2005年6月17日
活字文化議員連盟
事務局長 肥田 美代子 様
学校図書館問題研究会
代表 飯田 寿美
「文字・活字文化振興法案」についての意見書
貴職におかれましては日頃より学校図書館充実の取り組みにご尽力いただいておりますこと、先ずもってお礼申し上げます。
私たち学校図書館問題研究会は、学校図書館にかかわる個人で構成している全国規模の研究会です。1985年の結成以来、児童生徒の学ぶよろこびや読む楽しさを支援する学校図書館づくりを目指し、相互に実践・研究を積み重ねてまいりました。
児童生徒の読書環境の充実については私たちも願いを同じくするものであり、「文字・活字文化振興法案」についても大変注目しております。
この度「文字・活字文化振興法案」、特に学校図書館に関することにつきまして、下記のとおり私たちの意見をまとめましたのでお送りいたします。

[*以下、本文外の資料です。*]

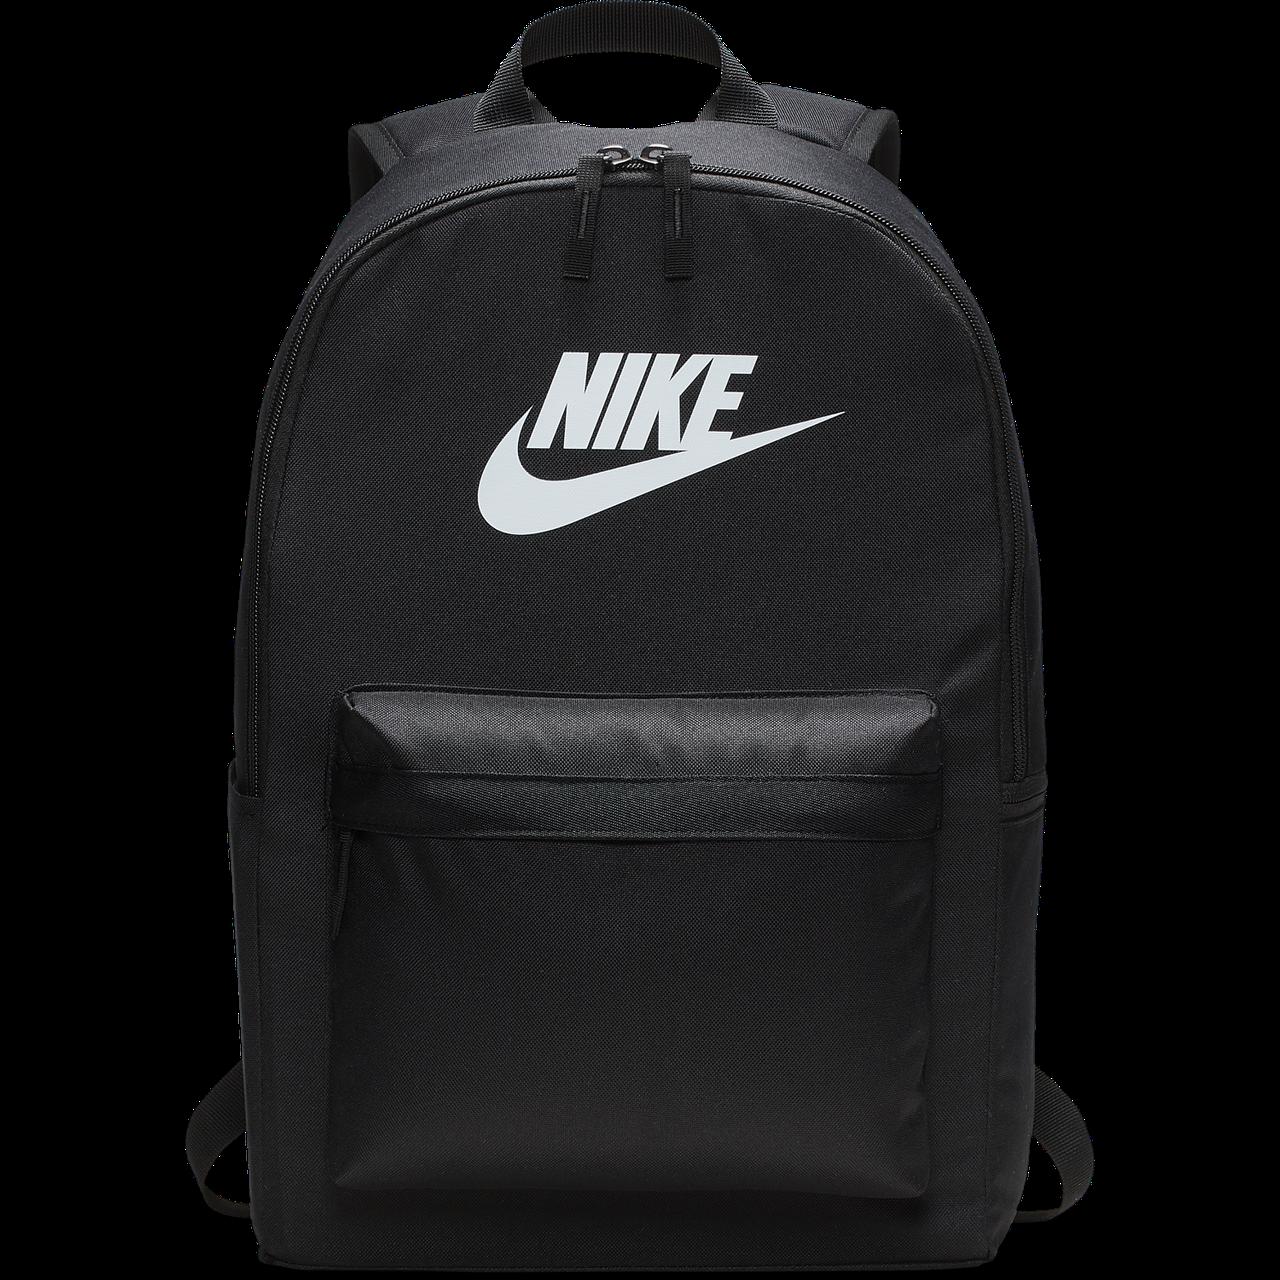 Рюкзак Nike Heritage Backpack 2.0 BA5879-011 Черный (193145973343)

貴職におかれましては、どうか私たち学校図書館にかかわる者の意見を真摯に受け止めていただき、法案審議や施策に反映していただきますようお願い申し上げます。
記
① 児童生徒の読書の自由について文言を盛り込んでいただきたい
第3条(基本理念)の3項並びに第8条(学校教育における言語力の涵養)に、学校教育について言語力の涵養をはかることが述べられています。私たちは、その際の施策や指導が児童生徒の読書の自由に根ざしたものであることが必要であると考えます。「子どもの読書活動の推進に関する法律に対する附帯決議」においても、読書活動推進について、行政の不当な干渉を拝し、子どもの自主性を尊重する趣旨が明記されています。「文字・活字文化振興法案」においても、児童生徒の読書の自由について文言を盛り込むべきであると考えます。
② 学校司書の配置について文言を明記すべきである
第8条(学校教育における言語力の涵養)2項に、司書教諭及び学校図書館に関する業務を担当するその他の職員の充実等の人的体制の整備について必要な施策を講ずることが述べられています。
この法案が真に人的体制の整備につながることを期待します。
しかし、「学校図書館に関する業務を担当するその他の職員」がどのような職員を指し示しているのか、この条文では甚だ不明確です。解釈によっては、学校図書館担当の教諭や学校図書館ボランティアなど、学校図書館専任ではない、また非正規の職員をもって「その他の職員」とすることも可能ではないでしょうか。
私たちは、学校図書館の充実のためには専任・専門・正規の学校図書館職員、所謂「学校司書」の配置が必須であると考えます。現在各地の地方自治体において、雇用形態は様々ではありますが「学校司書」の配置がすすめられ、豊かな学校図書館づくりに大きな成果をあげています。2002年に閣議決定された「子どもの読書活動推進に関する基本的な計画」の中でも、このような地方自治体の取り組みを評価し、職員の配置を「促していく」と述べられています。
学校図書館充実につ ながる人的体制の整備として、専任・専門・正規の学校図書館職員の配置、「学校司書」の配置を明記すべきだと考えます。
③学校図書館充実のための物的条件整備について、具体的かつ実効的な施策を実施し
ていただきたい
第8条(学校教育における言語力の涵養)2項には、学校図書館の図書館資料の充実及び情報化の推進等の物的条件の整備等に関し必要な施策を講ずることも述べられています。人的整備とともに、この法案が学校図書館の充実につながることを期待します。
2002年度より小中学校を対象に「学校図書館整備五か年計画」が実施されています。文部科学・総務両省が2002年以降5年間に毎年130億円、総額650億円の交付税措置を策定したものですが、多くの自治体でその交付税が学校図書館整備費として予算化されていないという問題が生じています。またこの五か年計画では高校は対象となっていません。
先ずは「学校図書館整備五か年計画」の交付税措置が、その名目どおり各自治体で学校図書館整備費として確実に予算化されることと、高校図書館並びに盲・ろう・養護学校図書館充実のための新たな予算措置がなされることが必須であると考えます。
また、すべての学校図書館の資料を充実させるために、交付税措置以外の施策の検討も必要であると考えます。